Posted at The Daily Kos.
Three months ago, journalist Michael Isikoff noted the disturbing "Double Standard" in White House Leak Inquiries. But now it's not just the Executive Branch. Josh Gerstein of Politico just published an article on how a judge ruled that the Justice Department can keep secret names of its own lawyers who leak classified information.
It is indisputable that the Obama, via the Holder Justice Department, has brought more "leak" prosecutions than any presidential Administration, ever.
To add hypocrisy to the injury of selective and malicious prosecutions of Shamai Liebowitz, Thomas Drake, Stephen Kim, and Jeffrey Sterling--the Justice Department's own attorneys are immune from the "war on leaks."
U.S. District Court Judge Maxine Chesney ruled last week that the Justice Department does not have to disclose the identities of two lawyers who were found by the Office of Professional Responsibility (OPR) to have intentionally disclosed classified information to the media in 1996.
This is rank hypocrisy and the putrid stench is overwhelming.
The Justice Department's vicious war on leaks does not extend to its own lawyers who did exactly--or worse than--what Drake and the others allegedly did. (To highlight the injustice here, Drake never leaked classified information to a reporter and is not actually charged with leaking classified information.)
Could this hypocrisy be because the two Justice Department lawyers are an assistant director in charge at the FBI and an AUSA detailed to serve as the acting head of a DOJ component? When I was an ethics attorney at the Justice Department, I leaked UNCLASSIFIED information evidencing serious government misconduct in the case of "American Taliban" John Walker Lindh and was rewarded with, among other things, criminal investigation, referral to the state bars in which I'm licensed (still pending 8 years later in DC), and placement on the "No-Fly List."
"Oh, but that was under Bush," people used to tell me. "It will get better when Obama is in office." Well, here's a news flash: it has gotten worse. While Bush harassed whistleblowers unmercifully, Obama is trying to put them in jail.
DOJ is incapable of handling attorney misconduct. In a transparent attempt to feign the illusion that it is willing to police itself, this week, Attorney General Eric Holder announced the creation of a Professional Misconduct Review Unit to rule on certain attorney discipline cases arising from OPR.
This new office is completely redundant. According to the Justice Department's website, OPR's mission is
to investigat[e] allegations of misconduct involving Department attorneys that relate to the exercise of their authority to . . . provide legal advice.
But, as evidenced most vividly by its totally unorthodox investigation of the authors of the infamous "torture memos," it allowed the targets of the investigation to review and soften the report against them, and they faced no disciplinary action whatsoever. As further evidence of how this new office will be even more anemic than OPR, Holder has appointed his chief of staff to run it.

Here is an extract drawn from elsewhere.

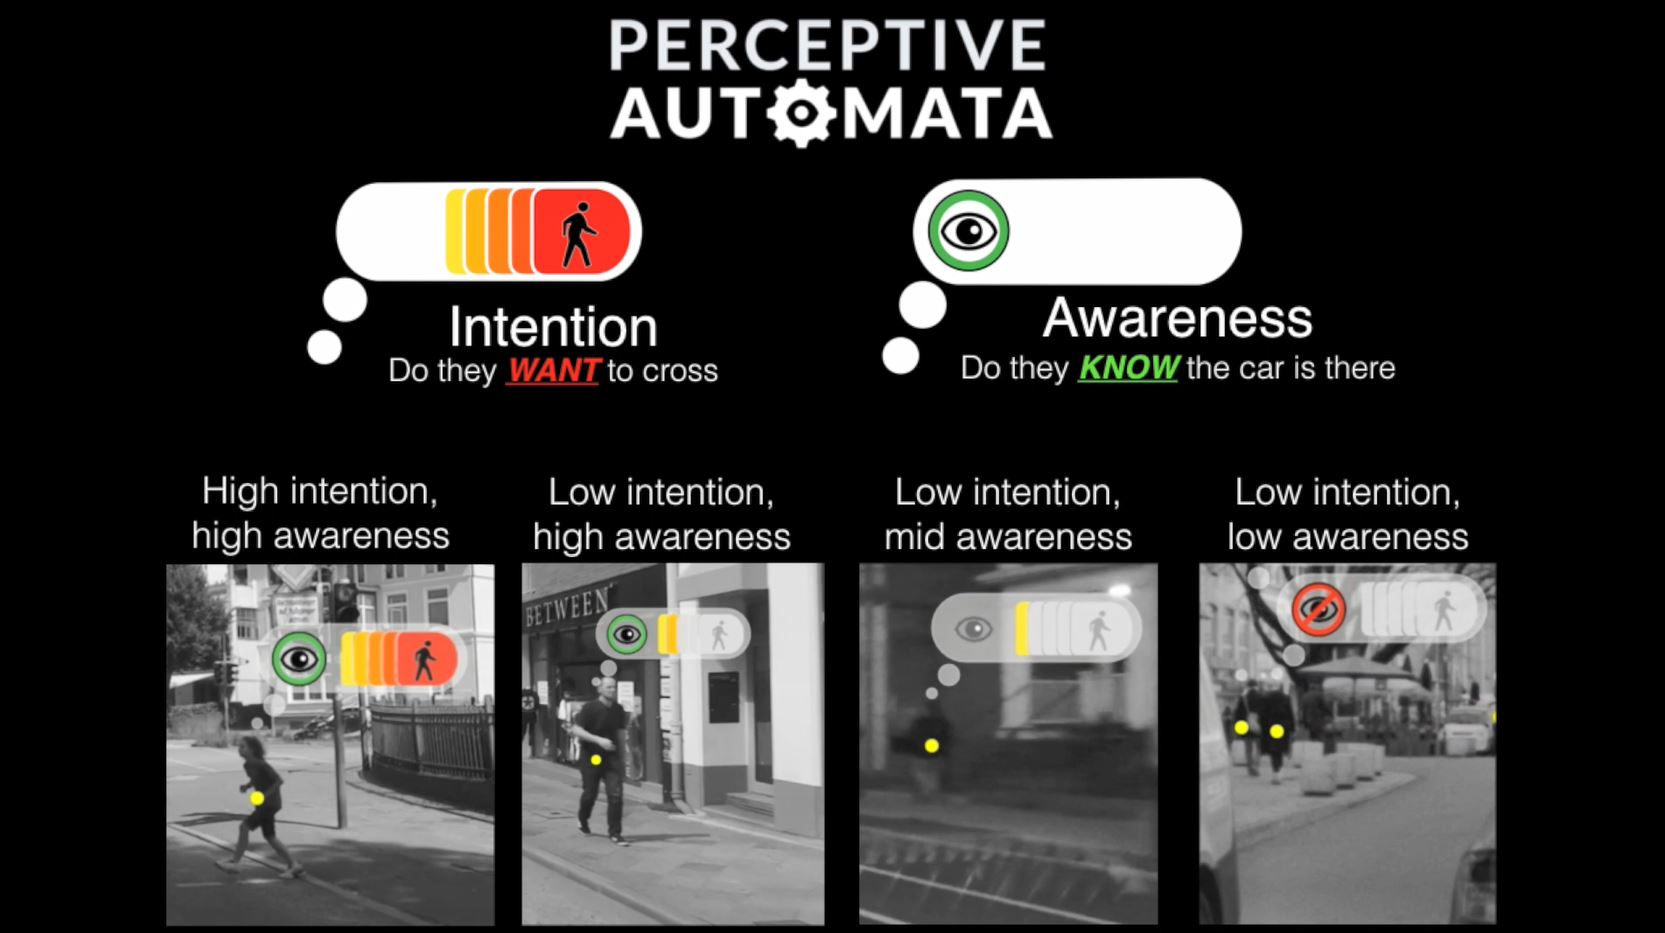 Hyundai CRADLE Invests in Perceptive Automata to Bring Human Intuition Software to Self-Driving Cars

Contrary to OPR's own policies, it hastily and vindictively forwarded my case to the state bars in which I'm licensed absent a finding of "professional misconduct," much less a finding of "intentional misconduct or reckless disregard of an applicable standard or obligation"--the benchmark that OPR uses. Instead, OPR referred me to the bar disciplinary authorities for "possible misconduct." The "intentional misconduct or reckless disregard" standards are exactly what the NEW ethics office is tasked with enforcing.

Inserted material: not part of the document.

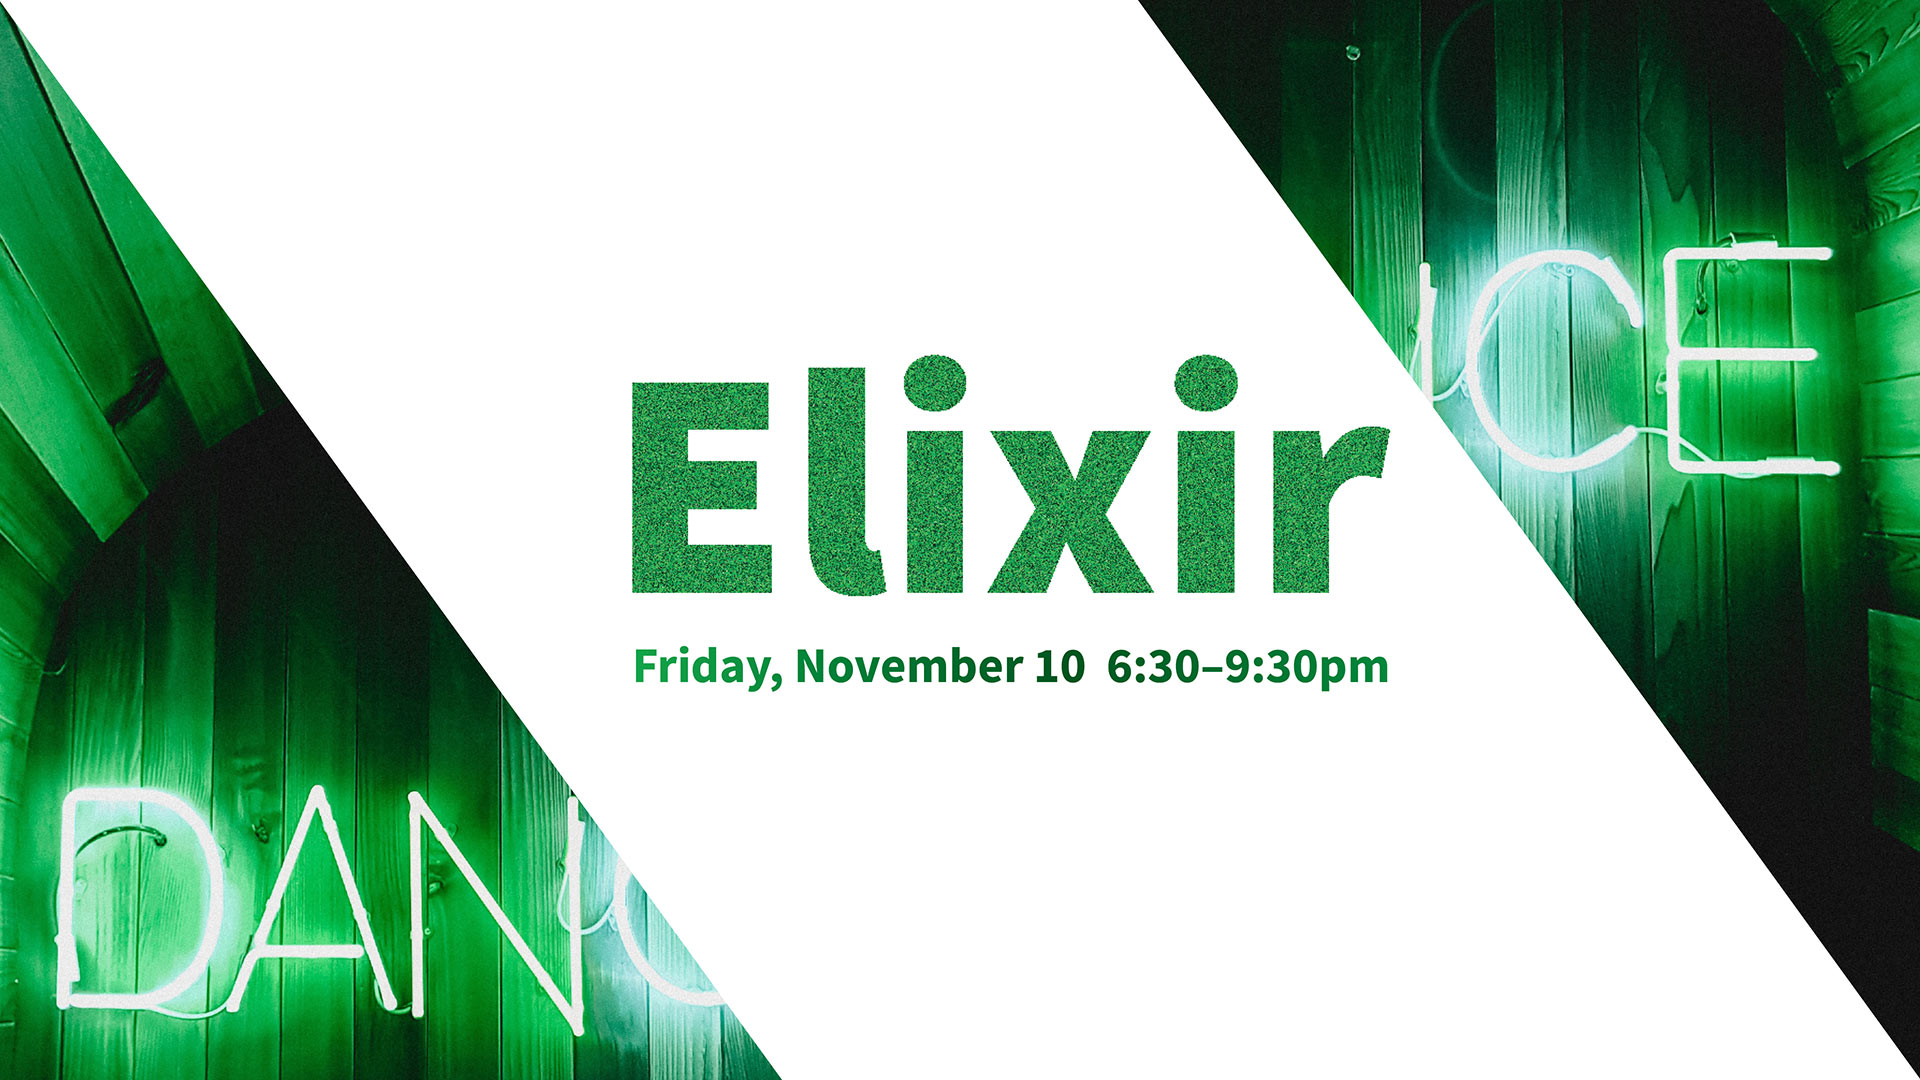 Elixir text with event date on a split graphic background of a neon sign that says Dance

Although the Maryland Bar dismissed the charges against me in 2005, my referral to the D.C. Bar (the same Bar to which torture architects Yoo and Bybee would have been referred) is still pending after eight years.

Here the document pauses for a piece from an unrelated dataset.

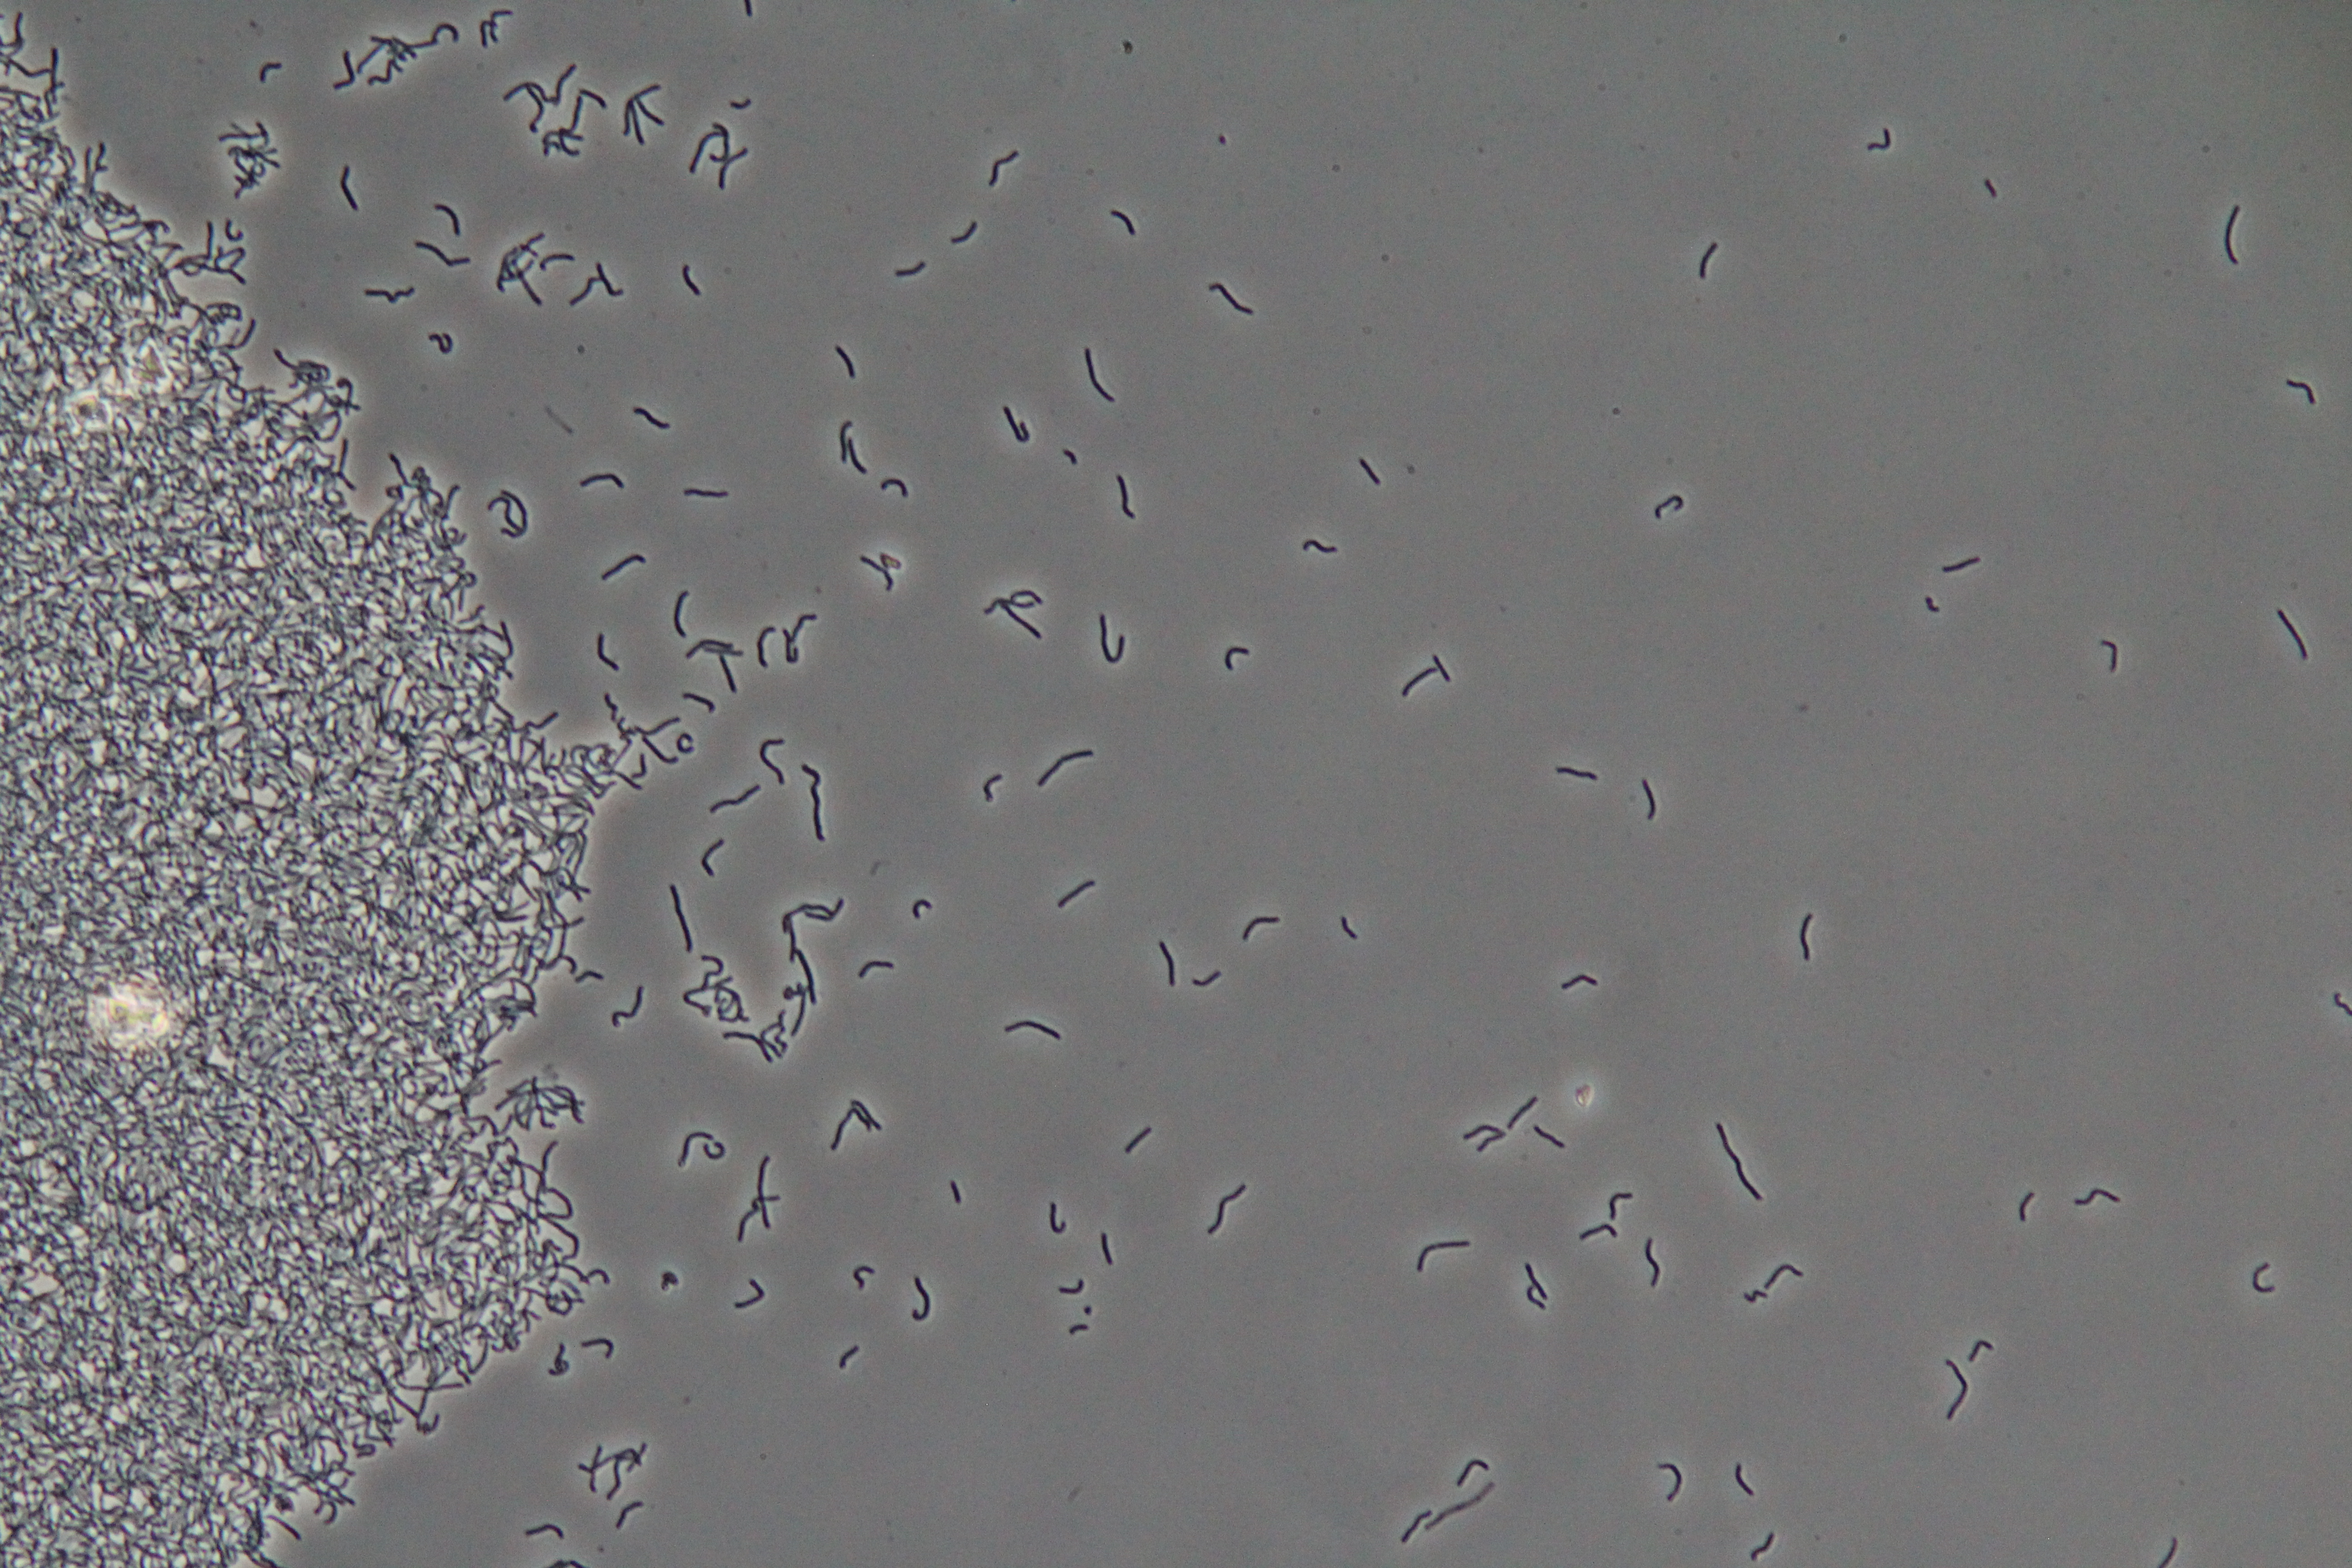 0012 - clump of WT bacillus  (phase contrast)

Torture lawyers get a pass. The mystery FBI assistant director and DOJ component head get a pass. But I got slammed for blowing the whistle. And now the Justice Department is prosecuting Drake for the same reason: he revealed illegalities and gross waste by NSA. And Stephen Kim (who revealed information that it was indisputably in the public's interest to know--North Korea was going to set off a test nuclear bomb.) And Shamai Liebowitz, who said during his sentencing that he felt he was witnessing illegal conduct.